Any UK citizen can have access to a computer, the internet, and has freedom to do many activities.

North Korean citizens are generally not allowed to have personal access to computers and any external internet links are government controlled.

So yes, any attack originating in North Korea would have to be government sponsored, while an attack originating from the UK could be anyone.

See the difference.


RE: Whoops
By Danger D on 7/15/2009 12:50:10 PM , Rating: 3
It’s important to question our assumptions. It’s not a stretch to say people jumped to conclusions pretty quickly on this issue. North Korea is immediately assumed to be the culprit based on the following evidence: the US and South Korea were targets (forget about the other 72 countries targeted).

That is what you’d call highly circumstantial at best. While this new information has yet to be proven as well, at the very least it indicates that the “security researchers” should shut up and show some prudence until we have some evidence that actually points at someone.

Jumping to conclusions and assuming state-sponsored cyber-terrorism by North Korea undermines our legitimacy when making serious claims of human rights abuses and other travesties that the government there actually does commit.

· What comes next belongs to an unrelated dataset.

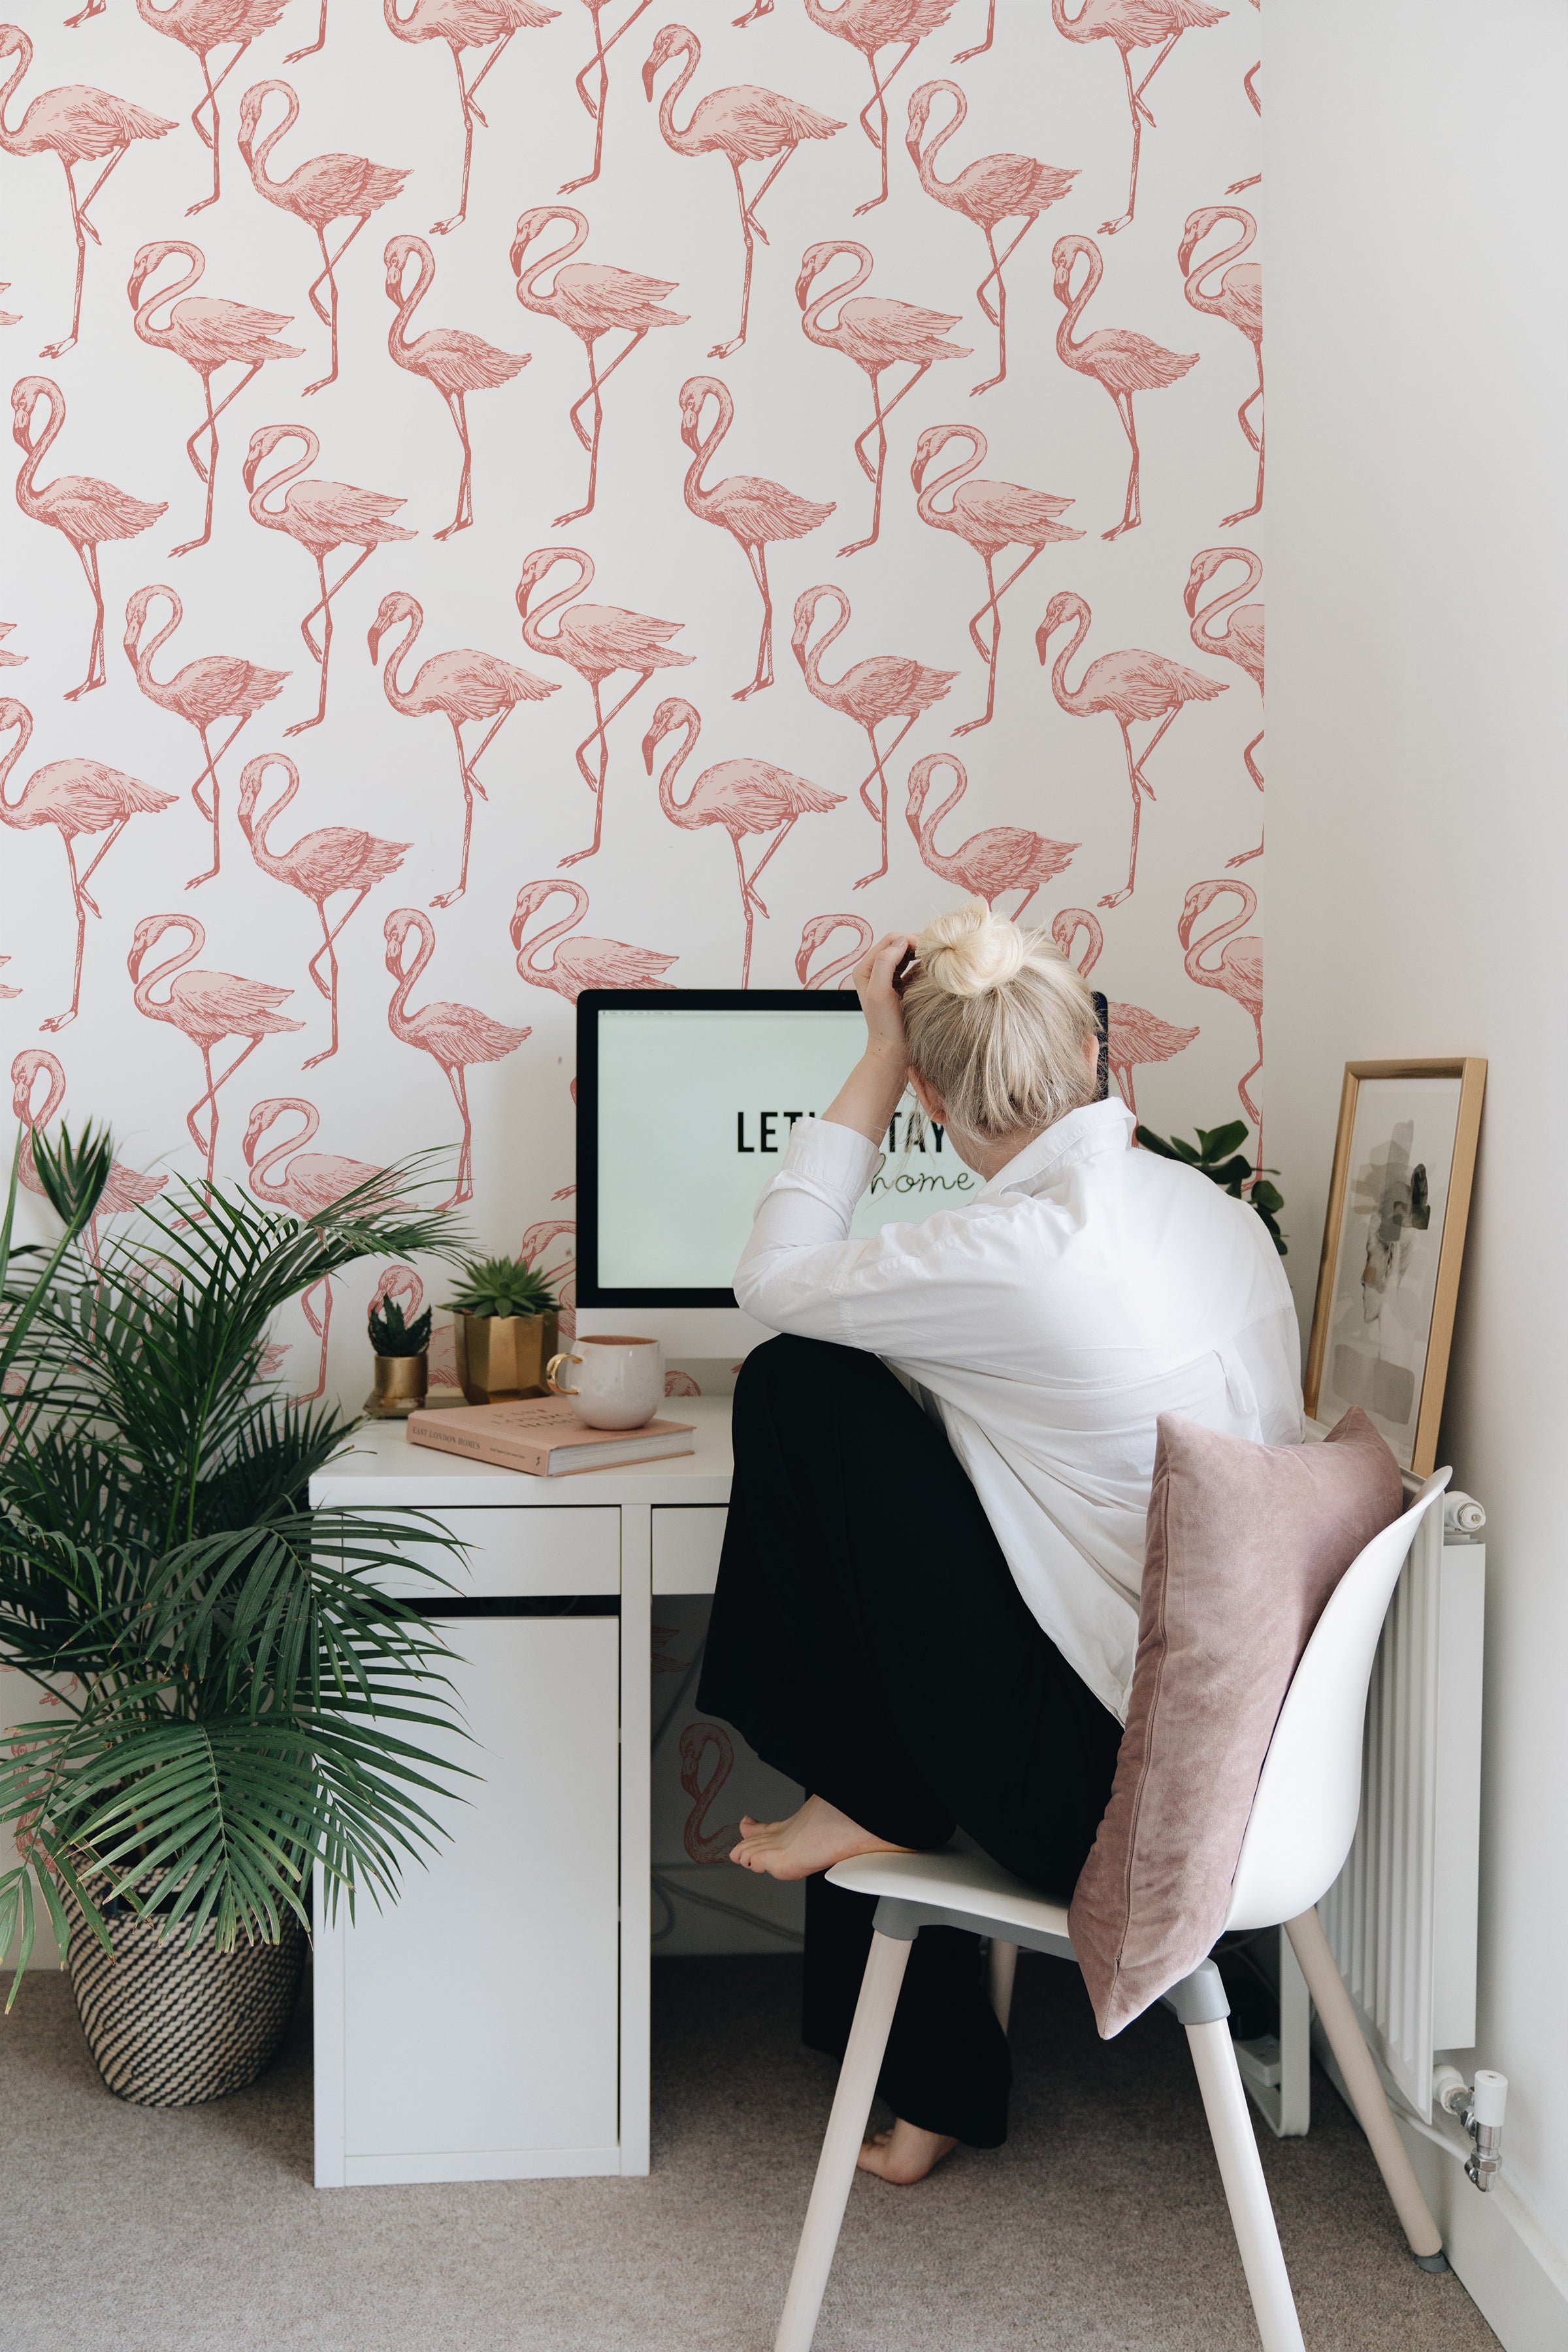 A modern home office setup against a wall adorned with Flamingo Party Wallpaper. A woman, seen from behind, is seated at a white desk with a computer, surrounded by green plants and soft pink accessories that echo the playful and vibrant theme of the flamingo pattern on the wall.

Even if those conclusions aren’t directly made by our government. Newspaper and internet headlines making the allegations do create the impression that Americans blame North Korea.


RE: Whoops
By omnicronx on 7/15/2009 12:00:07 PM , Rating: 2
You do know how the people of North Korea live right? Everything and anything is controlled by the government and only a very small percentage of the people even have access to the internet in he first place. If there ever was an attack that came from North Korea, there would be a very high chance of government involvement.


RE: Whoops
By masouth on 7/15/2009 3:46:53 PM , Rating: 2
well by North Korea they may just mean Kim Jong-il.

He is an "internet expert" you know. I bet Al Gore is upset. He never meant it to be used this way.

First North Korea...then China....now UK. In a few more days I'm going to be reading that I am the evil mastermind behind it.

I'm not surprised, I never did trust myself and I have way too much time on my hands.


Does it matter where the attack originated?
By nafhan on 7/15/2009 1:39:37 PM , Rating: 3
I don't see why the attack originating in the UK means it couldn't have been North Korea masterminding it. It would probably be in North Korea's best interest to make it look like the attack originated in a country other than North Korea.

Plus, I would imagine the amount of internet bandwidth to/from North Korea is a bit lower than that of the UK, making it advantageous to host attacks from outside the country for technical reasons as well.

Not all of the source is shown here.